Курсовая работа: Образы революции у А. Белого и А. Блока
Самому Белому была ближе аффективная генеалогия образа-символа и адекватность эмоционального его воздействия на читателя. Он пытался идти не от некоего происшествия и его «идеи», привлекая затем различные миметические техники и всевозможные филологические приемы, а от переживания, во всей его неявности и смутности, опираясь только на проборматываемые звуки и их имманентную ритмическую основу. Символ Белого — это свернутый аффект, способный при восприятии художественного произведения вызвать в читателе соответствующую ему аффективную реакцию. Причем он сам являлся привилегированным читателем собственных текстов.
Происхождение своих аффектов Белый связывал со светоцветовой и звуковой травмами, полученными им в возрасте от 2 месяцев до 4 лет, то есть в период «стадии зеркала» как времени становления субъективности. Но одновременно он претендовал на сознательный контроль соответствующих психических процессов, чем и объясняется, по его словам, детское притворство и кривляние, притворное согласие на поставляемые родителями образы субъективации. Символизм в поэзии также рассматривался им как ответ на вмешательства других в формирование его приватного мира [16].
В автобиографическом эссе «Как я стал символистом» он приравнивает символ к фетишу, замещающему реальное как немыслимое и непредставимое. Символ в этом смысле объединяет в себе травматическое переживание и форму его выражения. Его способ функционирования связан с воссозданием первичной сцены, при котором, однако, все травмогенные элементы купируются, выстраивая ситуацию чистого наслаждения фетишем.
«Вспоминаю себя в одной из игр; желая отразить существо состояния сознания (напуг), я беру пунцовую крышку картонки, упрятываю ее в тень, чтобы не видеть предметность, но цвет, я прохожу мимо пунцового пятна и восклицаю про себя: “нечто багровое”; “нечто” — переживанье; багровое пятно — форма выражения; то и другое, вместе взятые, символ (в символизации); “нечто” неопознано; крышка картонки — внешний предмет, не имеющий отношения к “нечто”; он же — видоизмененный тенями (багровое пятно) итог слияния того (безобразного) и этого (предметного) в то, что ни то и ни это, но третье; символ — это третье; построив его, я преодолеваю два мира (хаотичное состояние испуга и поданный мне предмет внешнего мира); оба мира недействительны; есть третий мир; и я весь втянут в познание этого третьего мира, не данного душе, ни внешнему предмету; творческий акт, соединение видоизменяет познание в особого рода познание; познавательный результат, выговариваемый в суждении “нечто багровое” утверждает мой сдвиг к третьему миру» [17].

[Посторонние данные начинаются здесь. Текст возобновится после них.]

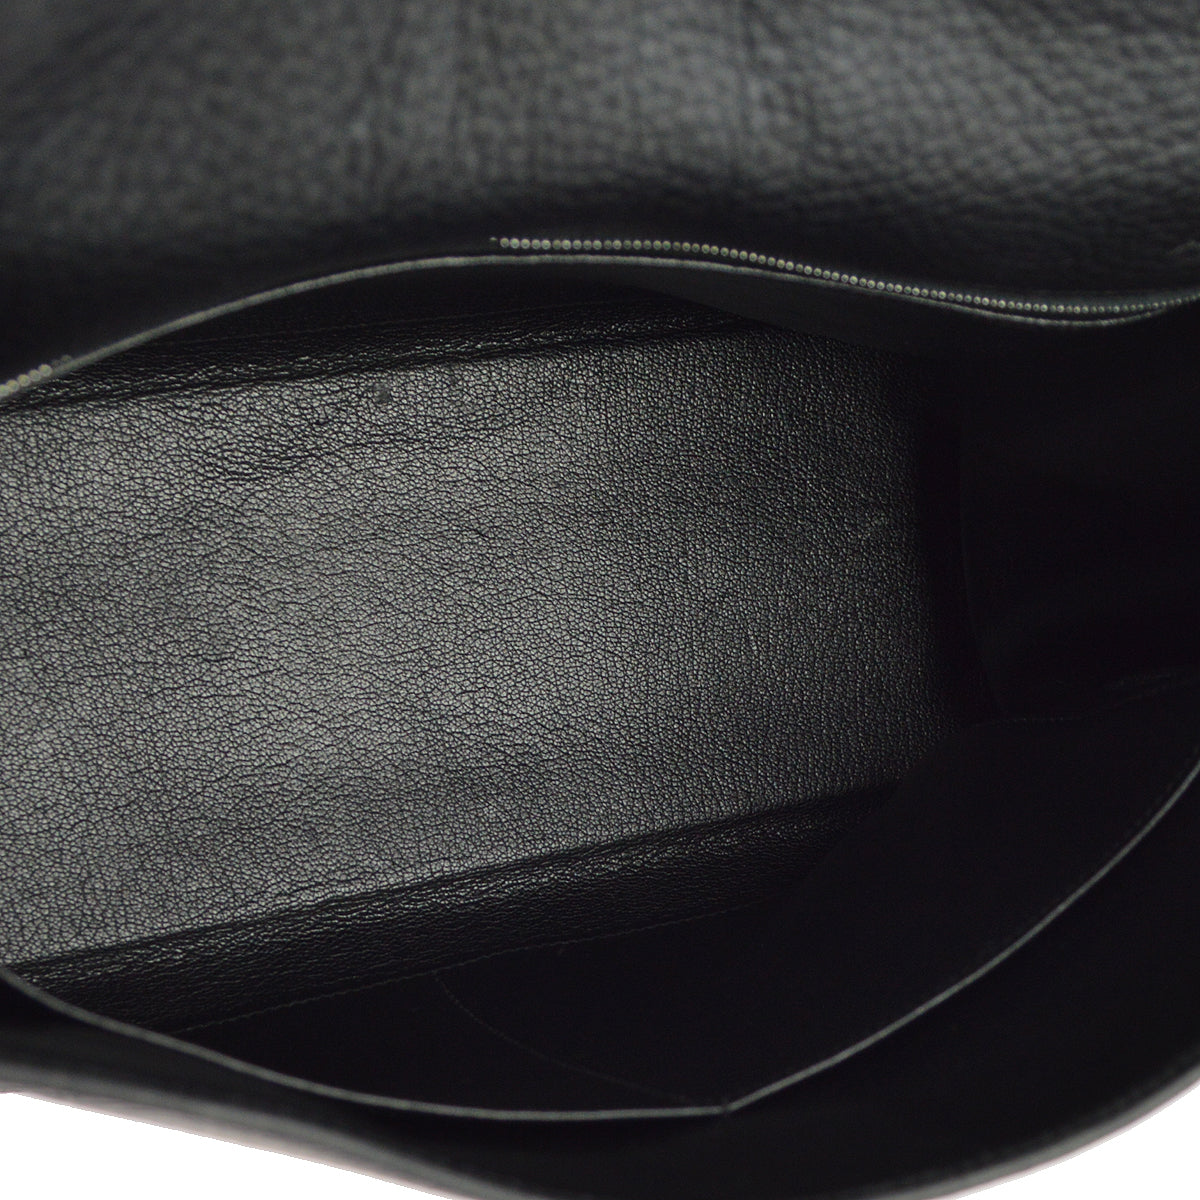 Hermes Black Taurillon Clemence Kelly 32 Retourne 2way Shoulder Handbag
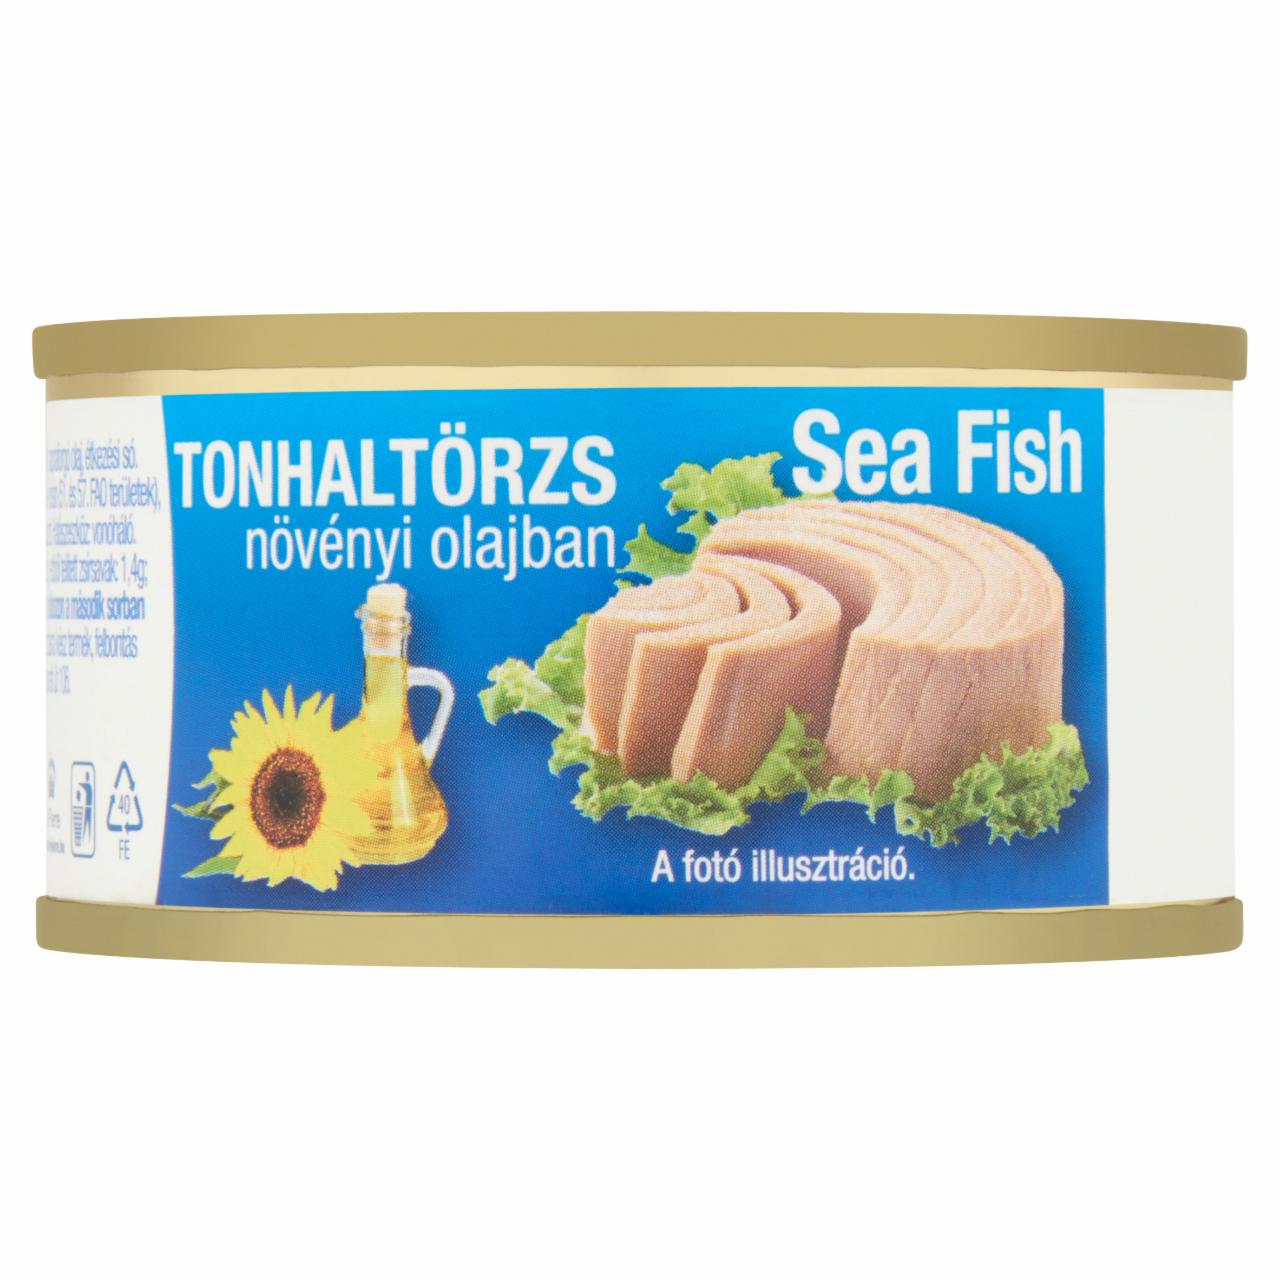 Képek - Sea Fish tonhaltörzs növényi olajban 80 g

Таким образом, символ у Белого служит трансляции невыразимых аффектов, а не словарных значений. Скрытый от прямого считывания смысл заключается в самом аффекте, не находя себе другого выражения, кроме символического. Символ выступает как своего рода фетиш, психическое происхождение которого никому не известно, включая самого фетишиста. В цитированном фрагменте Белый выводит смысл из состояния страха («напуга»), то есть некоторой беспредметной эмоции — эмоции, утратившей свое происхождение. Добраться до ее истока и причин, по собственным словам Белого, можно только с привлечением психологических методов [18]. Но целью такого обнаружения будет не познание, а удовольствие от бесконечного повтора отредактированного ре-переживания первичной сцены.
Было бы неверно думать, что Белый хотел этим ре-переживанием устранить причины своих психических страданий, косноязычия и проч. и обрести наконец в согласии и мире с другими свое «подлинное Я». Напротив, он скорее собирался переделать «под себя» мир. Поэтому идея социальной революции ему была крайне близка, хотя и в весьма специфическом смысле.
В качестве фетиша символ действительно может выражать любую идею, в том числе и идею революции. Но прийти к этой идее можно только через тот же фетиш, чья предметная пустотность способна притягивать любые референты. Закон соответствующих метафорических сопоставлений заключен в замещенном фетишем событии, а не в привлекаемом им внешнем предмете или происшествии (той же Октябрьской революции, например), которые «не имеют отношения к “нечто”».
Другими словами, переживания, по Белому, не могут иметь непосредственной социальной направленности. Они всегда опосредованы личным интересом, или, точнее, личным неврозом. И первая задача художника (а значит, и исследователя его творчества) состоит в выражении и анализе симптоматики этого невроза — обнаруживаемой в некоторой структуре повторов на сцене первичной социальности (семьи). Только через анализ возникающих здесь наиболее частотных образов можно добраться и до их смысла, и до более общей социальной значимости [19].
Белый подозревает любую другую, помимо аффективной, генеалогию символического образа в подменах и извращениях реализации выражаемого в нем желания. Однако собственное желание ему также неизвестно — это и составляет, как мне кажется, основную произведенческую проблему Белого.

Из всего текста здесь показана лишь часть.